LACMA Condo Tower Plan Angers Angelenos

A rendering of Peter Zumthor's LACMA redesign. Photo: Atelier Peter Zumthor & Partner.
A rendering of Peter Zumthor's LACMA redesign. Photo: Atelier Peter Zumthor & Partner.

The Los Angeles County Museum of Art (LACMA) could look very different in nine years, if director Michael Govan has his way. As reported by the Los Angeles Times, Govan has outlined his ambitious vision for an expansion that would add a skyscraper across the Boulevard from the museum, in addition to existing plans to replace the institution’s current seven-building campus with an integrated, elevated, 410,000 square-foot building designed by Swiss architect Peter Zumthor.

Even before factoring in the tower, the projected costs for such a project are between $750,000 million and $1 billion, and are already drawing criticism from concerned Angelenos in the form of letters to the editor of the LA Times. The Zumthor building will be owned by Los Angeles County, and Govan is hoping to generate a fifth of the necessary funds from taxpayer dollars. The museum is aiming to complete the expansion by 2023, to coincide with the planned opening of a new subway stop under the high-rise that would bring visitors directly to the institution’s door.

The previously announced Zumthor plan is already ripe for controversy, as it does away with buildings that are named after major museum donors and could be considered historically significant. Despite the massive scale of the project, LACMA would only gain 50,000 square feet of exhibition space from the plan, which ingeniously elevates the museum above Wilshire Boulevard in order to avoid interfering with the neighboring prehistoric site, the La Brea Tar Pits (see artnet News report).
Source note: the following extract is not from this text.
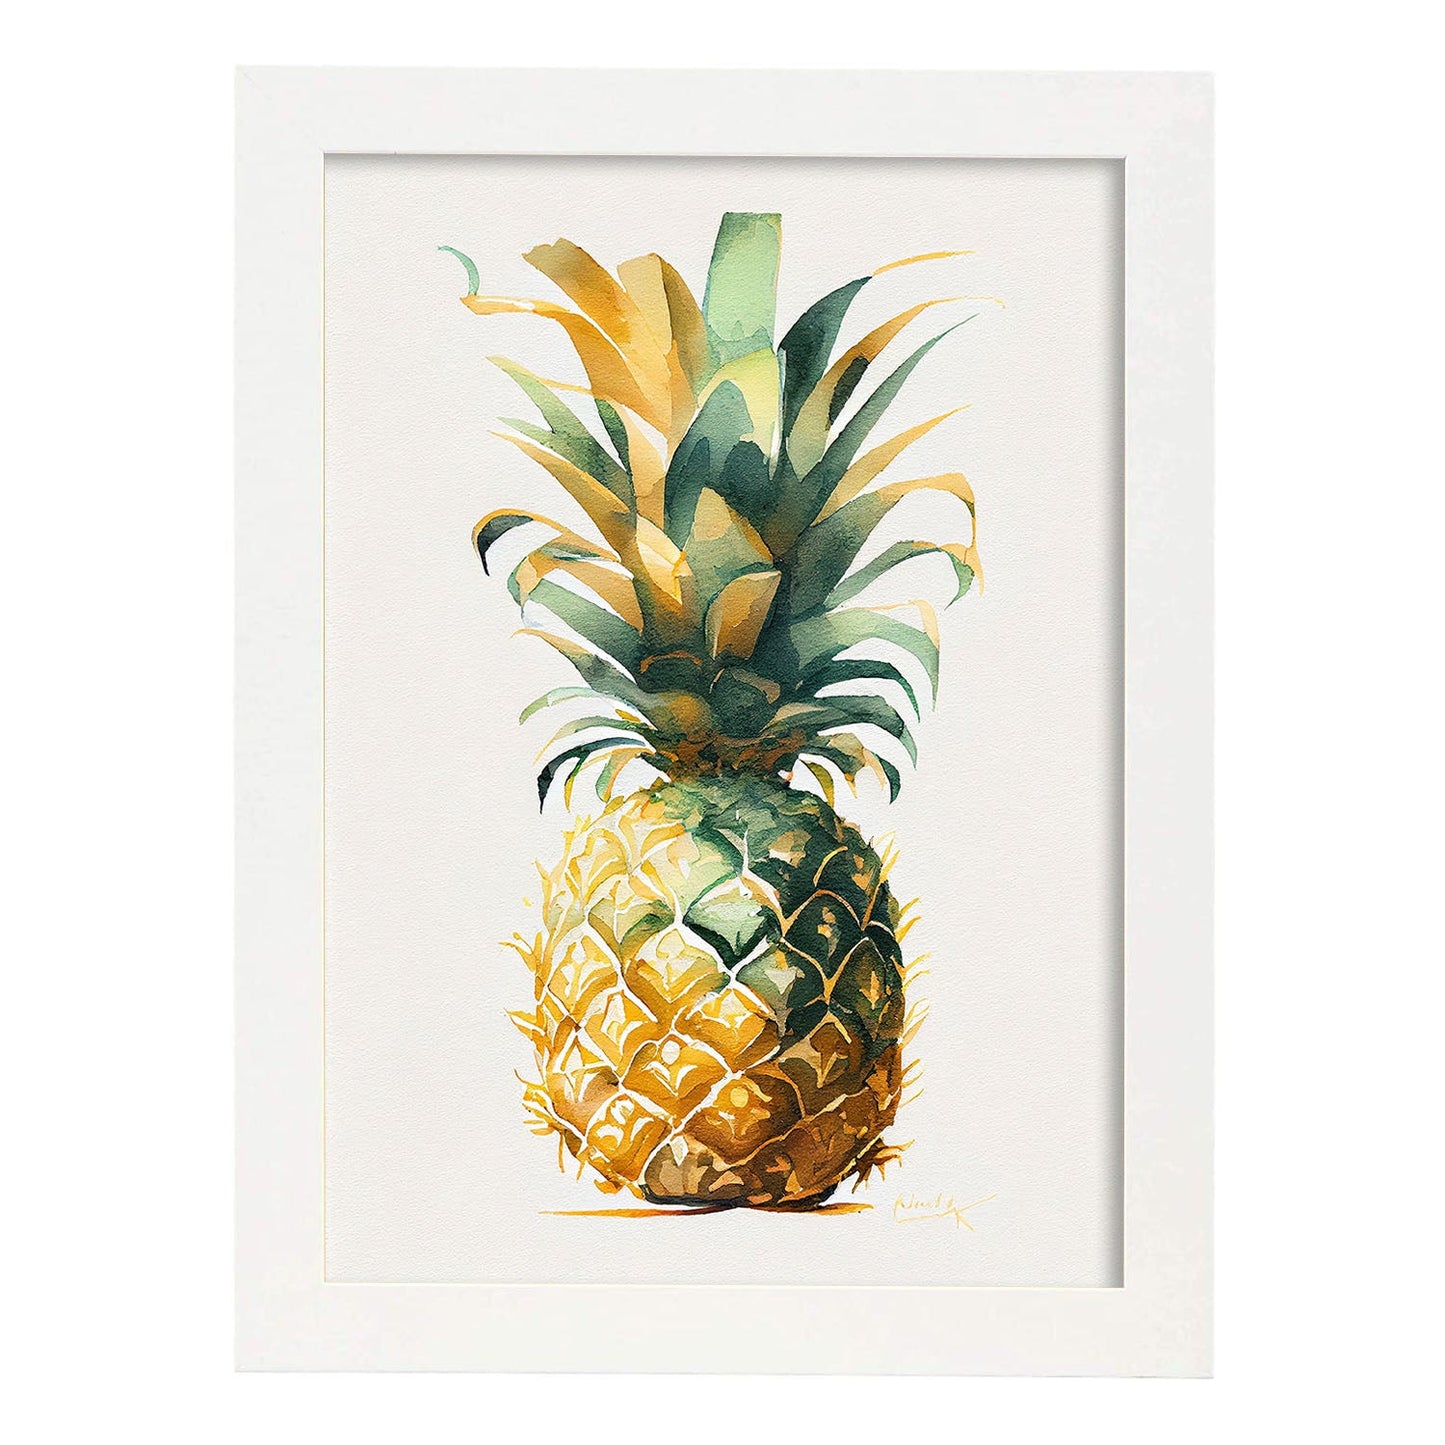 Nacnic minimalist Pineapple_4. Aesthetic Wall Art Prints for Bedroom or Living Room Design.-Artwork-Nacnic-A4-Marco Blanco-Nacnic Estudio SL
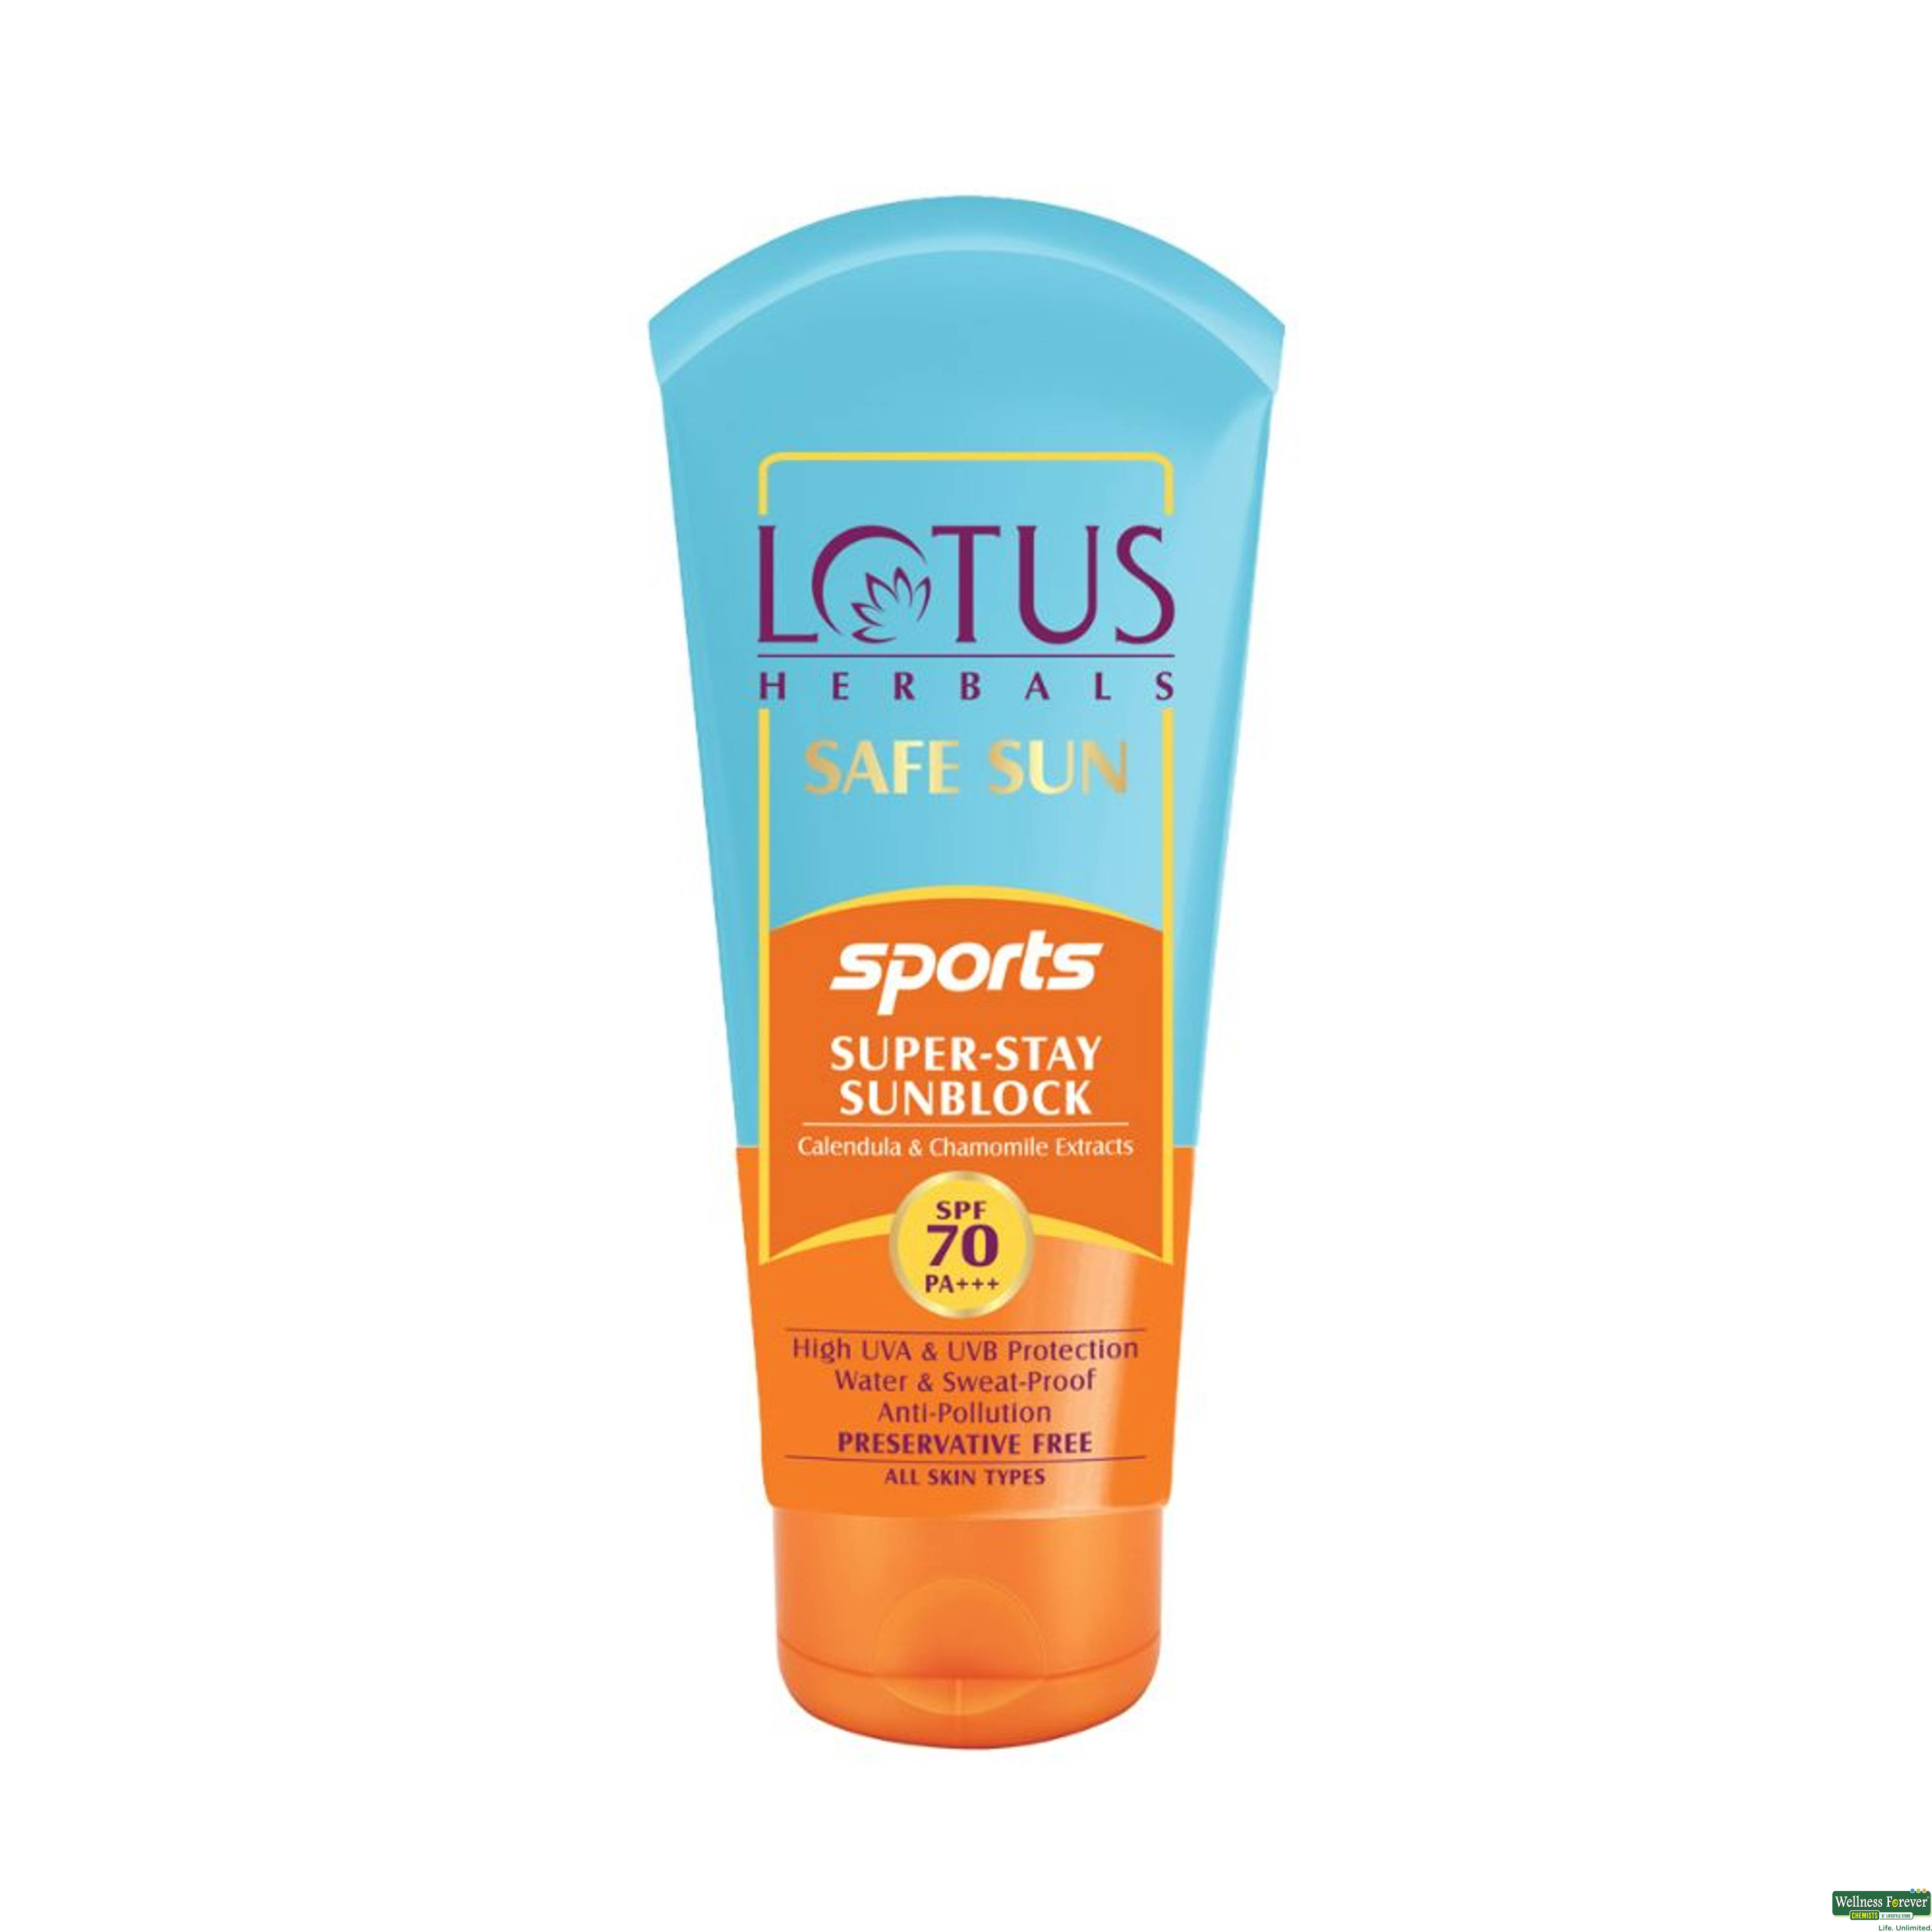 Lotus Herbals Safe Sun Sports Super Stay Sunscreen Cream SPF 70 PA+++, 80 g-image

Govan hopes to enlist Frank Gehry to design the tower, which could potentially house the architect’s archives, in addition to a new architecture and design wing for the museum. Potentially, the city’s Architecture and Design Museum, which is being displaced by the site’s subway construction, could also make its home there. The upper levels would likely house a hotel and condominiums—a scheme not dissimilar to one underway at New York’s MoMA. Only part of the property belongs to LACMA, and the museum would have to get the other property owners to agree to the plan.

“There’s good reason to build a major development there,” Govan told the LA Times. “You’ve got subway access and density on Wilshire. My dream is some beautiful piece of architecture with an architecture and design museum at the base, which would add to Museum Row.”